For GSWP3 simulations, the spatial correlation is weakest in Asia, as no simulation rejects the null hypothesis of “zero similarity”, while the spatial correlation is strongest in Oceania (mainly southern Australia; correlation of 0.63). Oceania, however, exhibits the highest model–observation discrepancy in trend mean and trend standard deviation, indicating the capacity of a given GHM in terms of the trend spatial structure is not necessarily consistent with its performance in terms of the mean and spread of trends.

GCMHIND trends also suggest the opposite composition between percentages of significant trends compared to GSIM trends (e.g. simulated trends suggest more locations showing significant increasing trends while observed trends suggest the opposite).

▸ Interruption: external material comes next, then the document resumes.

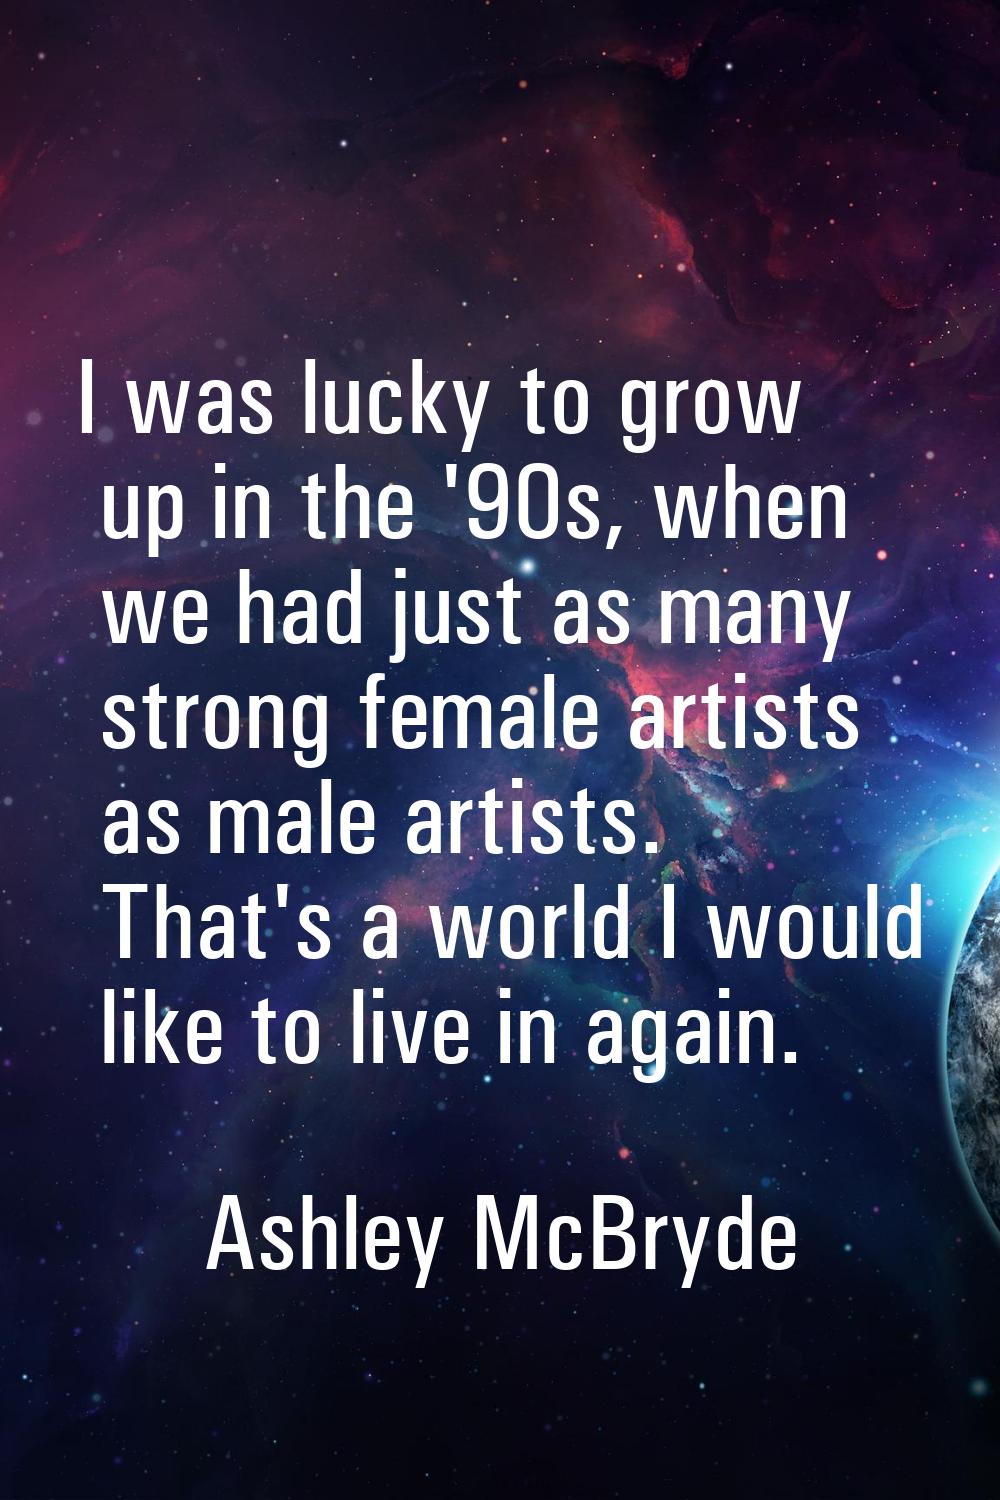 I was lucky to grow up in the '90s, when we had just as many strong female artists as male artists.

Among six continents, GCMHIND trends exhibited the lowest correlation (−0.14) in Oceania, whereas GSWP3 suggested the strongest correlation in this continent. This assessment further indicates the substantial impact of atmospheric forcing relative to GHM model structure on the simulated trends in high flow events. It is informative to note that this result is expected, as GCMs (despite having been bias-corrected) generally have low capacity in reproducing the timing of wet or dry periods or the spatial distribution of climate extremes (Kiktev et al., 2007), and GHMs are likely to inherit these limitations when using GCMs' outputs as climate forcing data.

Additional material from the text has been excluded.